I wrote this originally for a s'lichot service in2005, after the attacks. Portions of it were read at a community remembrance five years ago, and I posted it here in 2007. Today Sam and I will sing in the choir at the 10th-anniversary community service. I could write all day and I would not improve on what I wrote before, so I offer it again.
May we find peace.
The
central prayer of Judaism is an act of witnessing. When the sh’ma is
written out in the Torah, the ayin and daled are enlarged. Ayin daled.
Ed. Witness. The sh’ma itself is an act of witnessing the presence of
God. It is also a command to be witnesses, for it is not enough to
“listen, O Israel”. We must also speak the words, and teach them.
Witnessing is an act.
We do not always know what it is we are
called to witness, and on September 11th, 2001, I do not know. First
there were voices – announcers on the radio; patients coming in and
sharing what they knew; my brother, finally, at his office in midtown
Manhattan. Then there were images, compressed into a terrifying
narrative arc – see the first plane, see the second plane. Then the
fire. Now the towers collapse. Watch it again. Watch it again.
But
watching is not witnessing. We watch only with our eyes. Watchers
don’t participate. Watchers stand apart. Our tradition calls us to do
more than watch; our tradition demands that we witness. Witnessing is
an act that requires our entire beings. It calls on memory, courage,
voice and spirit. It is not enough to watch. We must also know. What
we know, we must remember. And that memory calls us to act.
Another
televised narrative arc: a black-hooded head on a concrete hotel
balcony in Munich. I am twelve years old. My parents do not shield me.
I hear my mother say “Don’t you ever forget: this is what it means to
be a Jew”. Twenty years later, a single shot of that hood, that
balcony, on another television show leaves me shaking. I have not
forgotten.
But remembering alone is not witnessing. It is not
acting. It is simply terror. It leaves us silent, isolated, paralyzed.
At twelve, I could not be a witness. Thirty years later, I had
learned that there was more to being a Jew than being afraid, alone, and
powerless. So on September 12th, I found myself at morning minyan,
holding my daughter and feeling both at home and out of place in a
different shul. The prayerbook was unfamiliar. I realized that I was
worshiping in a congregation where I could not stand and recite the
Kaddish Yatom unless I were officially in mourning. At first, I
resented what felt like an archaic rule. I wanted the comfort, the peace
that comes from raising my voice in the ancient cadences. I did not
want to listen; I had heard enough of other voices. I wanted to speak,
but I did not. But as I chanted the lines of response, I realized this
was why I came – it was the act of witnessing.
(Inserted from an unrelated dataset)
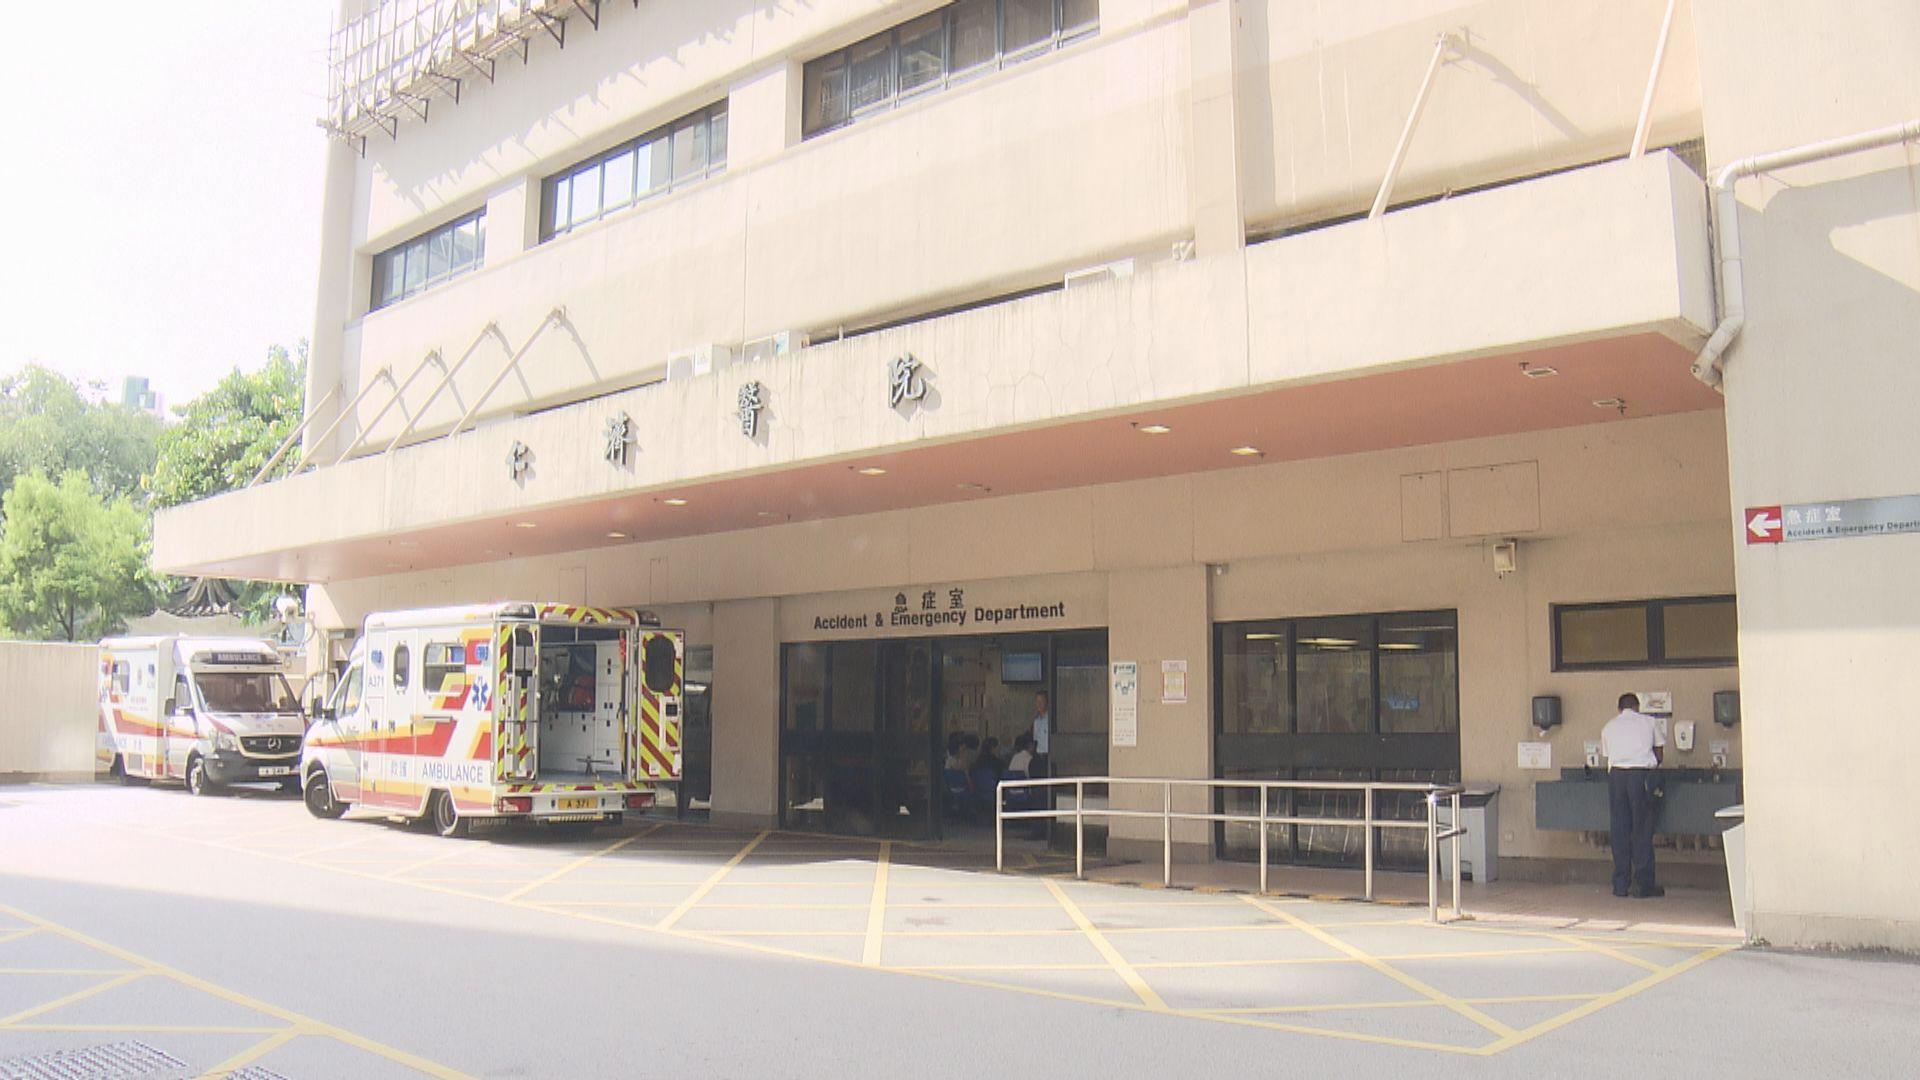 消息:仁濟醫院59歲男患者初步確診 感染源頭暫時未明
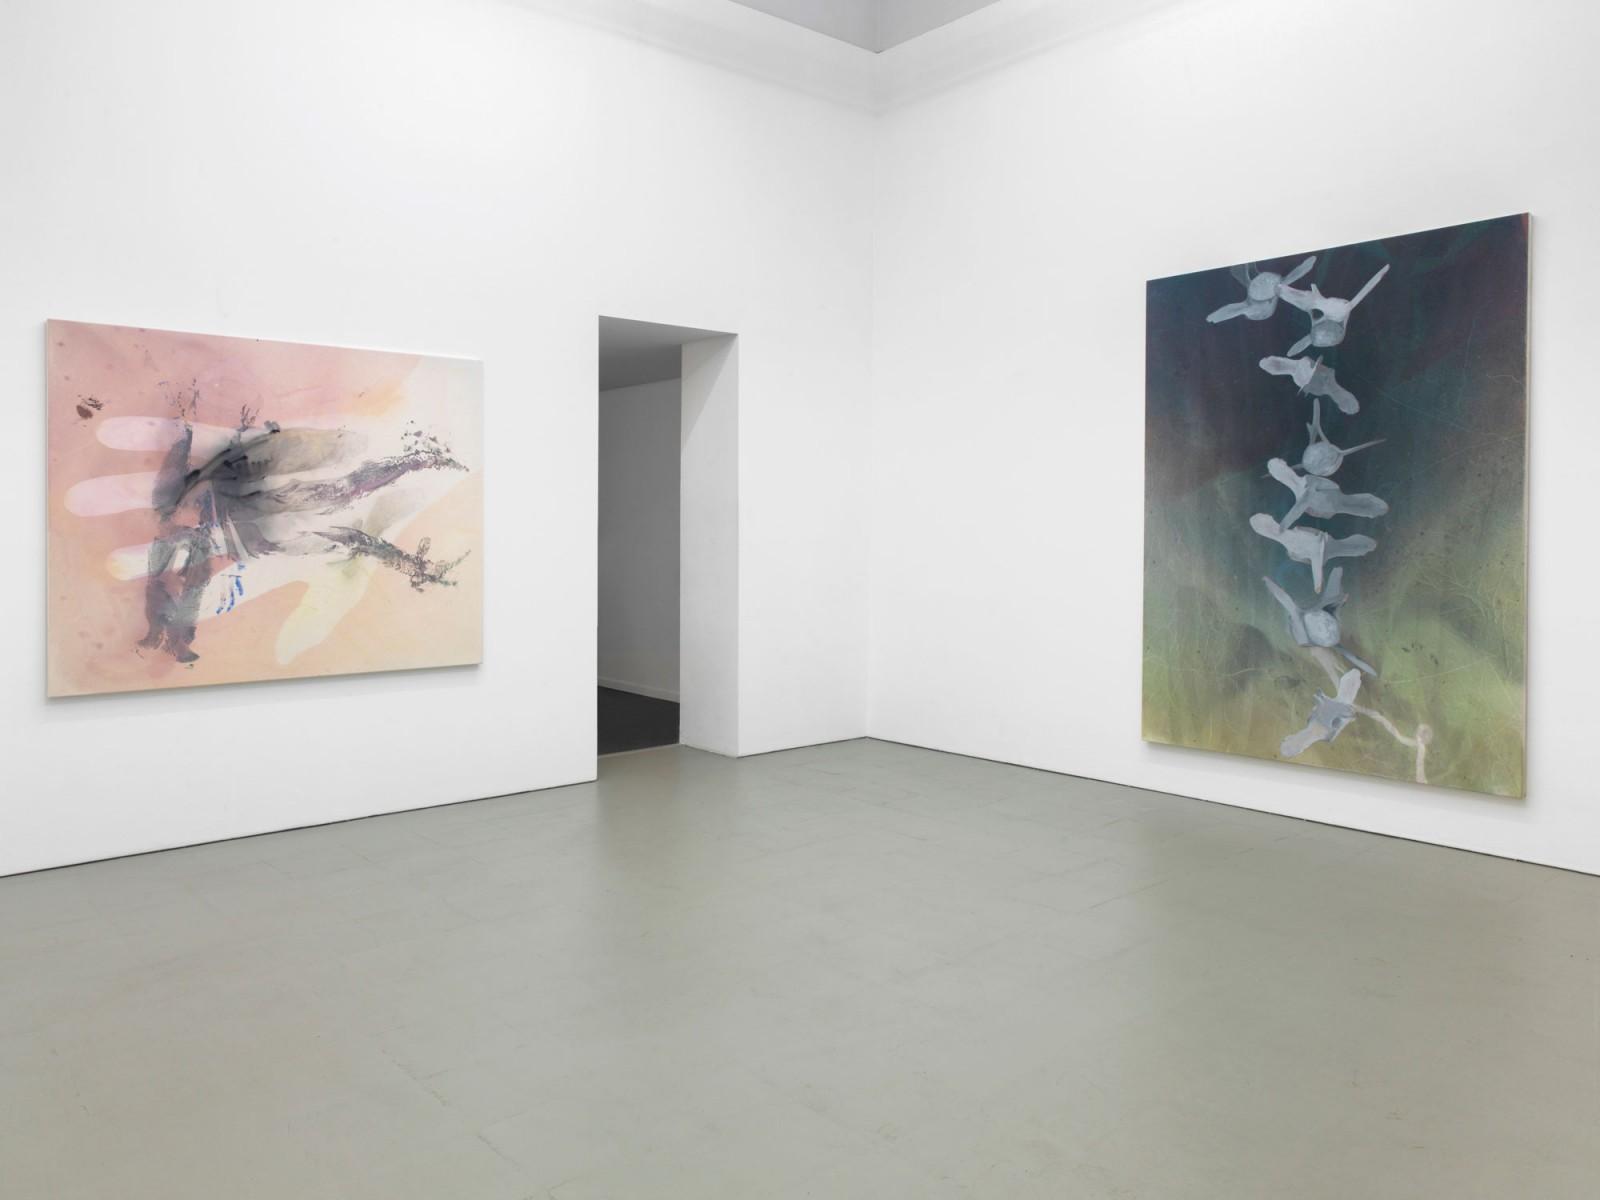 Kim Nekarda: spermwhales in limbo, 2017, Å+, berlin

It transformed the
watching of the day before into something far more powerful. Mine was
one voice in many that said “I see. I hear. I am present for this
moment of grief”.
To act on that presence is to raise my voice
against the re-interpretations and misinterpretations of events, to
speak my truth about what happened that day and why. That narrative arc
we see on television is only one heavily edited version of reality. If
I am truly to be a witness, I must find the courage to speak out
against the abuse of that powerful tool, the visual image of tragedy and
fear. Fear can isolate us. We may feel safer if we lash out or hide
away behind walls. It is easy and comforting to demonize the Other, to
hold onto our grief as it transforms into rage. But when we do so, we
forget the lesson of the sh’ma; we no longer are witnesses to God’s
presence. The presence of God lives in each of us, in that small piece
of the Schechinah that we were each created to hold. I catch glimpses
of it when I am lucky enough to be in the presence of healing, of that
deep connection that exists when I am really seen and really see-ing.
It
is the Shabbat after my grandmother’s death. We meet on our screened
porch for services, and we do not have a minyan. I know that we are not
supposed to say Kaddish, and
yet I deeply need to do so. My friends, my witnesses, willingly
participate. It is a gift I treasure. My grief is eased by their
presence.
From that moment of presence both the mourners and the
witnesses gather strength. We come together at terrible times to act as
a community, to forge new memories and hear stories that will help us
to act on our values, to live out our prayers and our hopes rather than
our fears. The Kaddish we speak
out of our deepest grief is composed words of praise for the Divine,
and by witnessing that paradox of praise and pain we can conquer the
isolation of terror. We can become true witnesses: not just those who
remember, but those who act to heal the world.
Never forget, this
is what it means to be a Jew. To be both a mourner and a witness. To
hear, to see and to act. Never forget.